On 2022-03-01T17:46:20+0100, I wrote:
> On 2022-01-13T10:54:16+0100, I wrote:
>> On 2019-05-08T14:51:57+0100, Julian Brown <julian@codesourcery.com> wrote:
>>> - The "addressable" bit is set during the kernels conversion pass for
>>> variables that have "create" (alloc) clauses created for them in the
>>> synthesised outer data region (instead of in the front-end, etc.,
>>> where it can't be done accurately). Such variables actually have
>>> their address taken during transformations made in a later pass
>>> (omp-low, I think), but there's a phase-ordering problem that means
>>> the flag should be set earlier.
>>
>> The actual issue is a bit different, but yes, there is a problem.
>> The related ICE has also been reported as <https://gcc.gnu.org/PR100280>
>> "ICE in lower_omp_target, at omp-low.c:12287". [...]

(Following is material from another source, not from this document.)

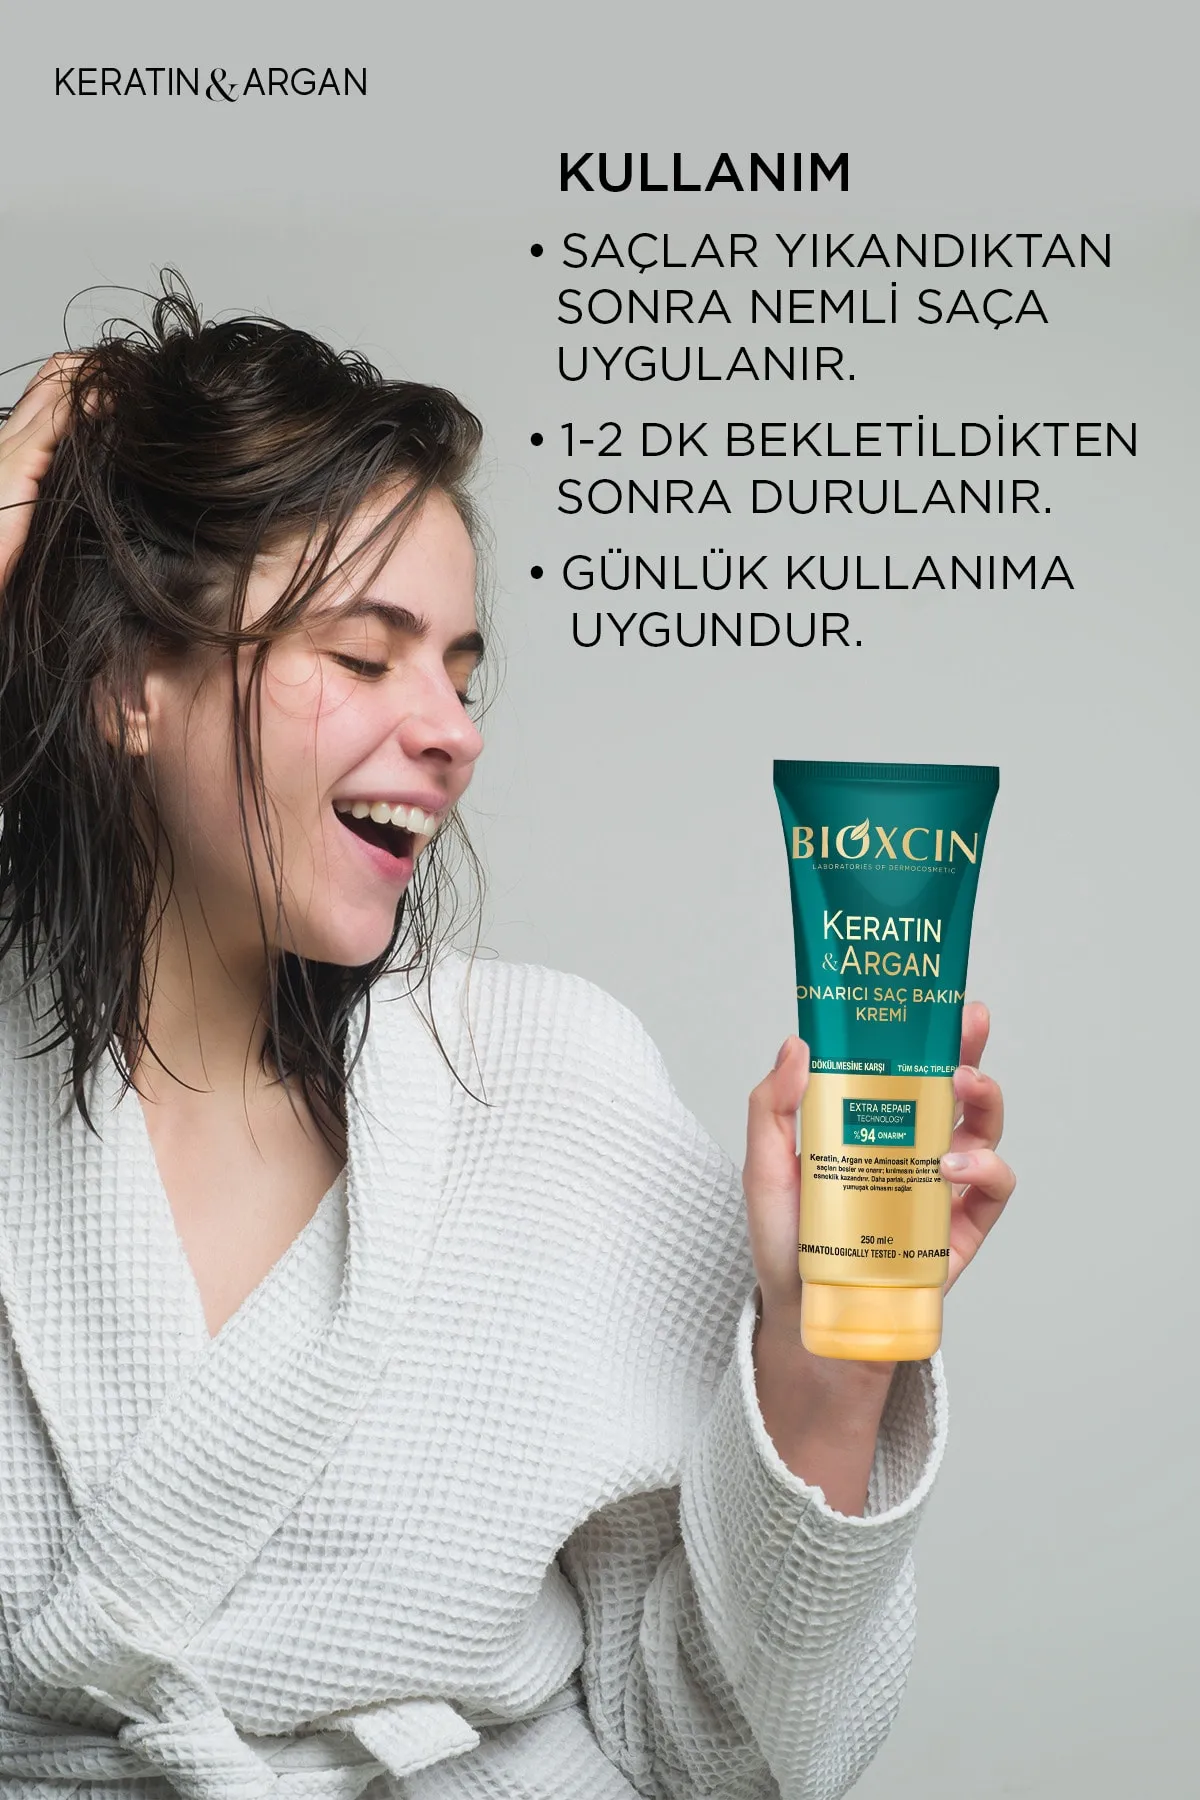 Bioxcin Saç Bakım Kremi Onarıcı Keratin & Argan 250 ml

We've resolved all such known ICEs -- but still have open
<https://gcc.gnu.org/PR104892> "OpenACC 'kernels' decomposition:
wrong-code cases unless manually making certain variables addressable".
This is avoided by:
> workaround patches like
> we have on the og11 development branch:
> - "Avoid introducing 'create' mapping clauses for loop index variables in kernels regions",
> - "Run all kernels regions with GOMP_MAP_FORCE_TOFROM mappings synchronously",
> - "Fix for is_gimple_reg vars to 'data kernels'"
..., but the misbehavior is visible without the workaround patches, for
example on the master branch.
Pushed to master branch commit 535afbd959bc72de85fca36ba6417f075cca1018
"OpenACC 'kernels' decomposition: wrong-code cases unless manually making
certain variables addressable [PR104892]", see attached, to "Document a
few examples of the status quo".
Grüße
Thomas
-----------------
Siemens Electronic Design Automation GmbH; Anschrift: Arnulfstraße 201, 80634 München; Gesellschaft mit beschränkter Haftung; Geschäftsführer: Thomas Heurung, Frank Thürauf; Sitz der Gesellschaft: München; Registergericht München, HRB 106955
[-- Warning: decoded text below may be mangled, UTF-8 assumed --]
[-- Attachment #2: 0001-OpenACC-kernels-decomposition-wrong-code-cases-unles.patch --]
[-- Type: text/x-diff, Size: 13484 bytes --]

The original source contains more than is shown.